The same limitation is the stop loss. Take profit does not force you to close the position, as when in profit you can keep orders indefinitely.And here is the axiom:

The more restrictions imposed on your trading, limiting the time that allows you to keep open orders, the higher the probability of obtaining a loss.

The basis of any profitable trading system is the understanding of this process and forex market principles. Have you ever wondered why most people always lose? Because we adhere to the collective opinion – the opinions of the crowd. Stop loss is considered professionalism.

Nevertheless, professionals profitably trade, knowing how long to wait. Everyone else uses stop loss which results in constant losses and failures. And these traders cannot understand their problem.

Understanding forex the market principles

The brain remembers not only in the form of a theory, but also in behavioral patterns. If you learn to wait for any market movement before the normalization of the market, then you will never receive losses.

This means that you will always be in profit. The only thing that you will have to do is to find ways to increase profits, that will not increase your risks.
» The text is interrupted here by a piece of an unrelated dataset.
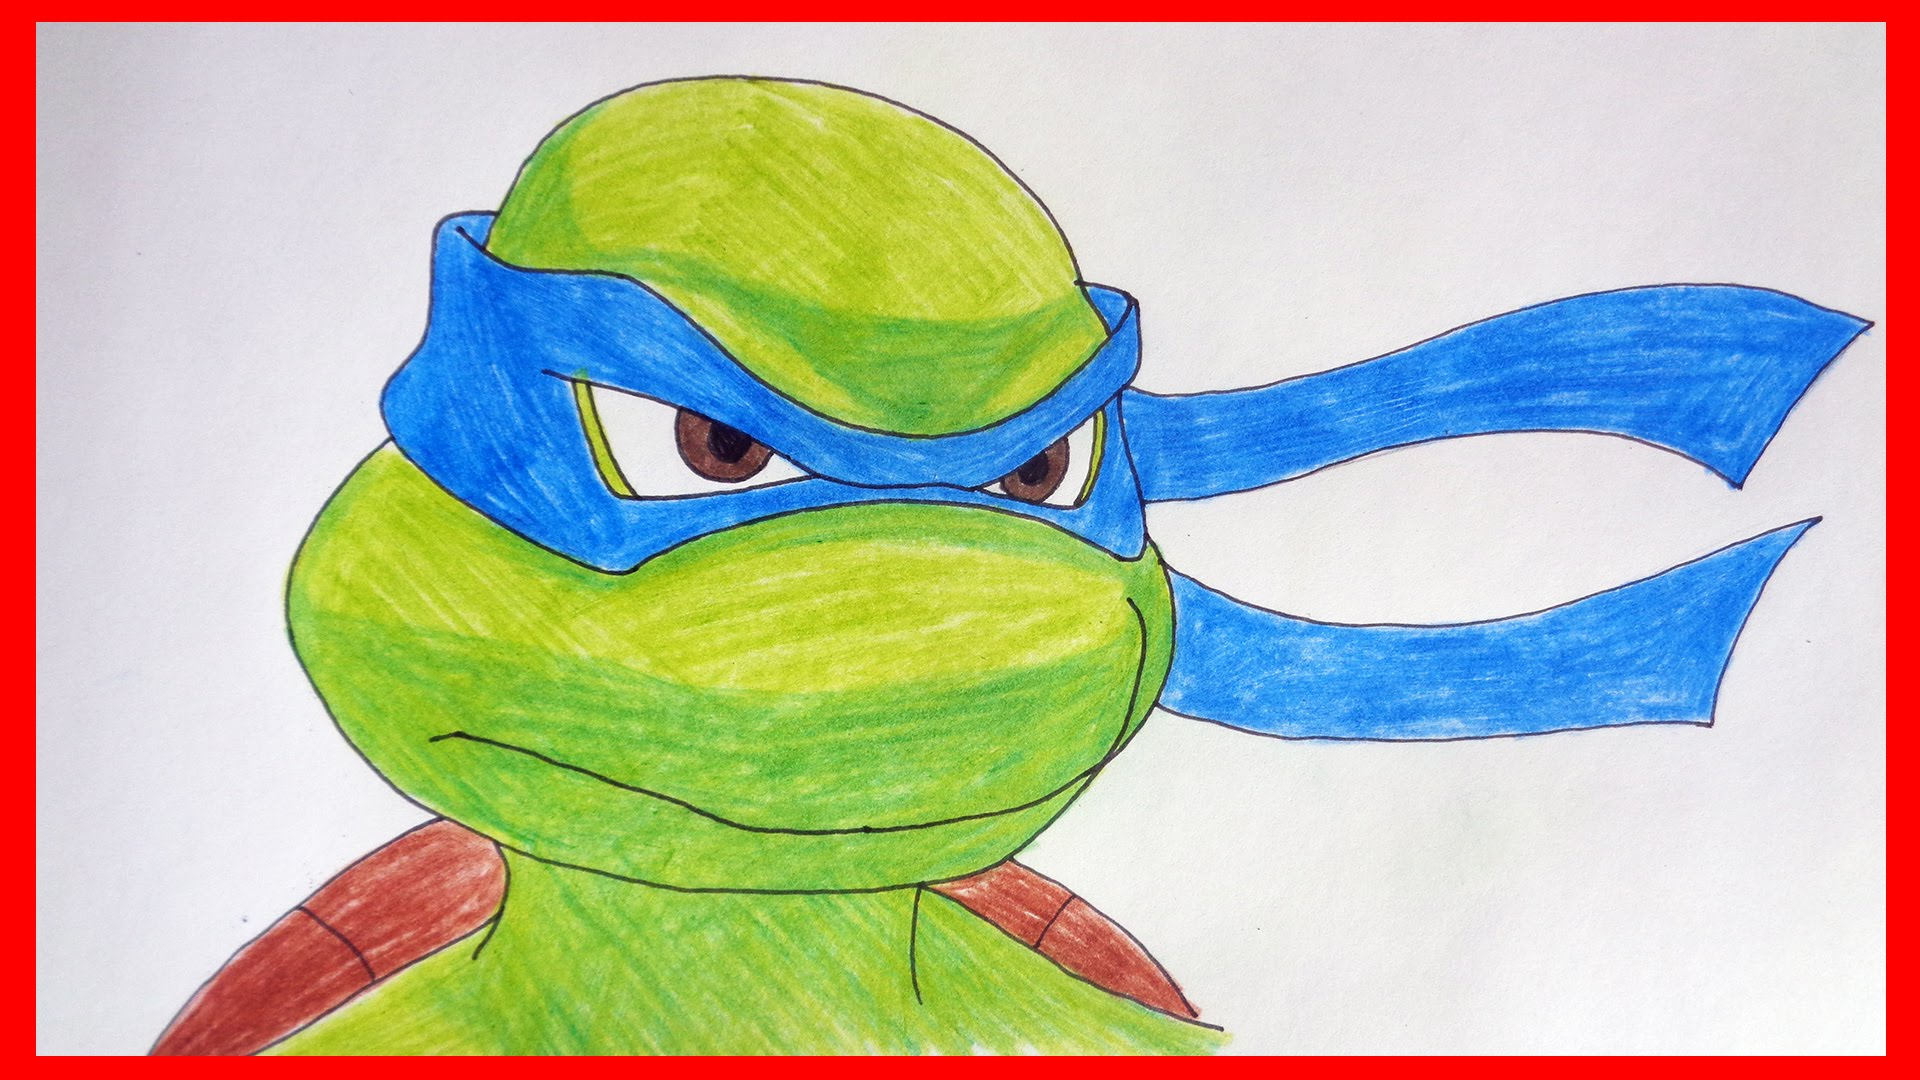 leonardo ninja turtle drawing at getdrawings com free for personal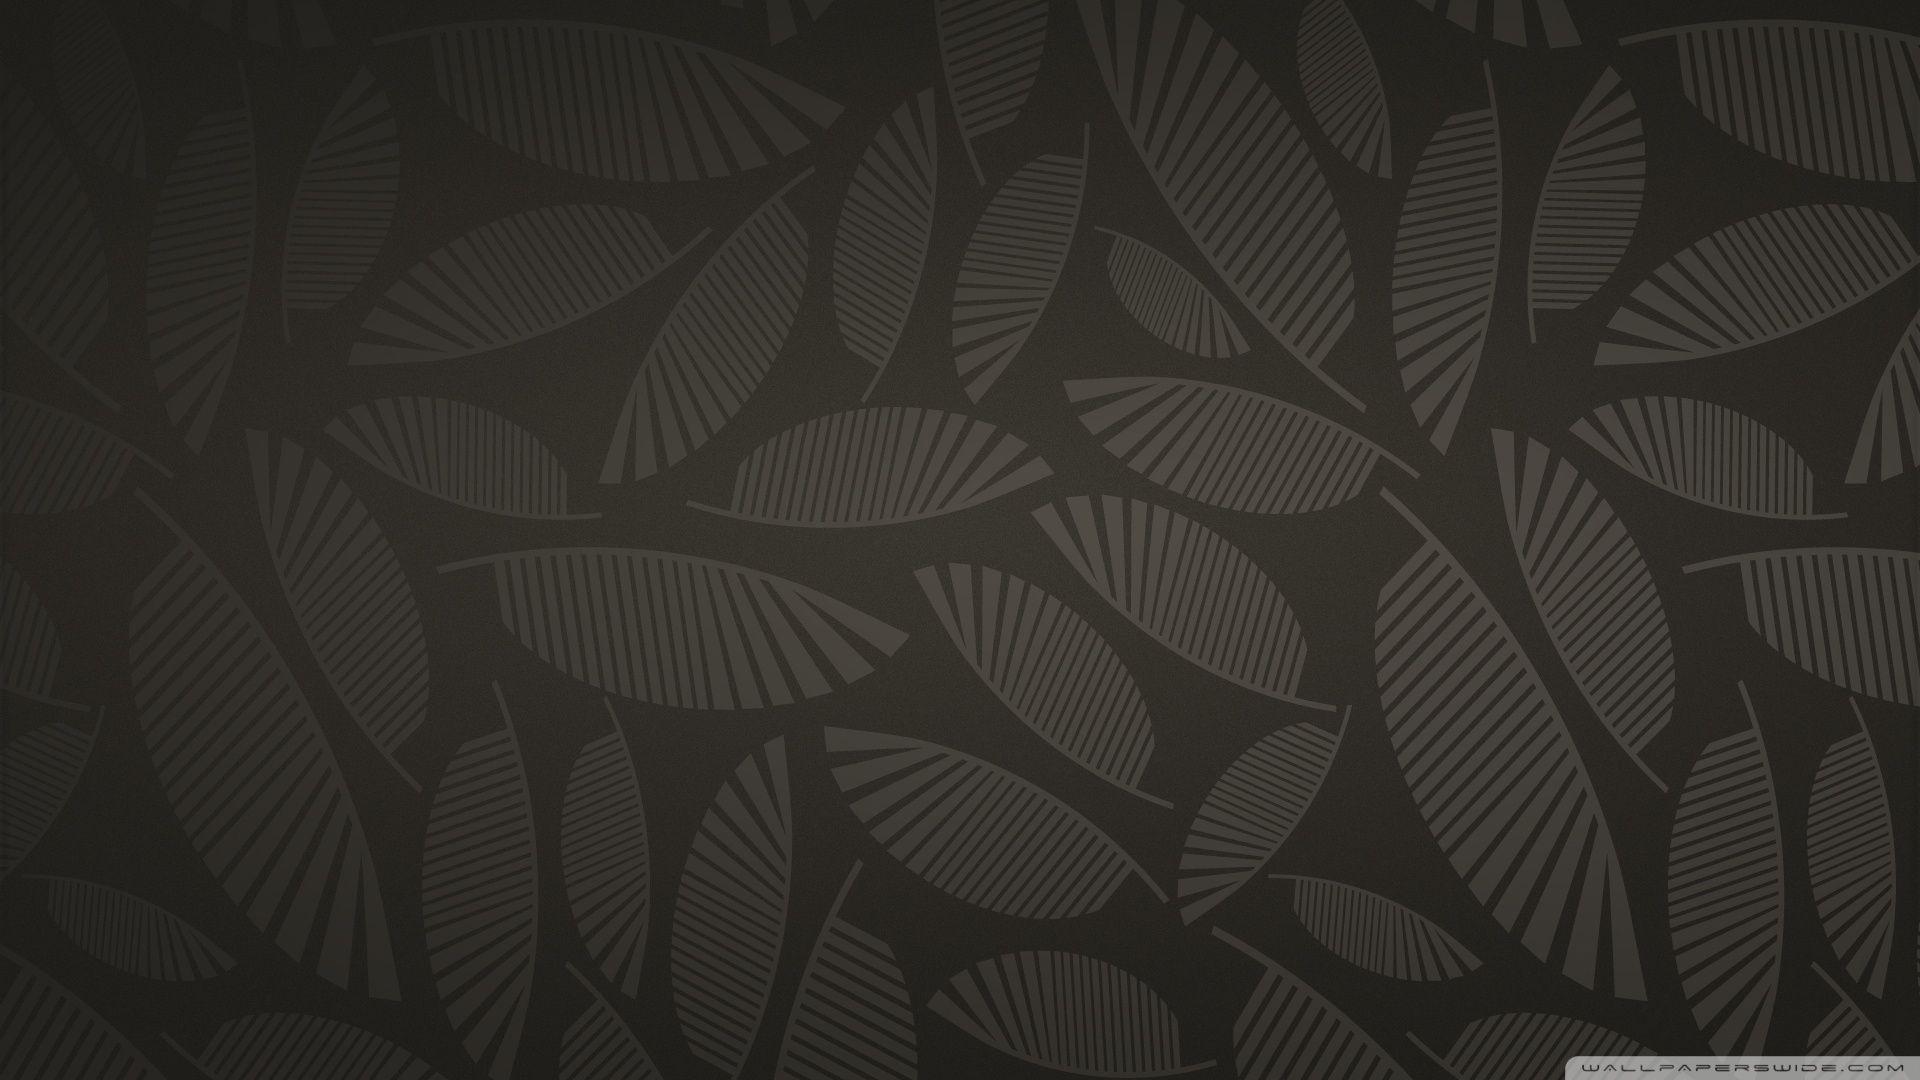 Ginkgo trees wallpaper high definition high quality widescreen - Leaves Pattern Hd Desktop Wallpaper Widescreen High Definition

Since the forex market does not have any precise signals, there is no reason to look for them, or wait. Swim along the waves, the price goes down, go along with it, the direction has changed, go along with it. Those are some of the main forex market principles.

Related: What You Need to Know About the Forex Market

When should be close a trade?

Remember, if in loss we do not close the trade immediately. The only time when this is done is when the trade is in profit and this was part of your trading strategy.

In order to swim along the waves, you need a landmark that will show the points when the price changes its direction.

This can be done using both oscillator and trend indicators, fractals, waves, pitchfork, etc. Choose yourself only one tool on which you will navigate the trading process. If you choose more than one, you will be confused.

Do not use periods below D1. In work on such periods, you can never take into account all the maximum amplitude of fluctuations in market movements. Remember, if you already have a reference point for changing the direction of trade, then work for a longer period that gives you the opportunity to get more profit. Avoiding shorter time frames makes it possible to reduce risks.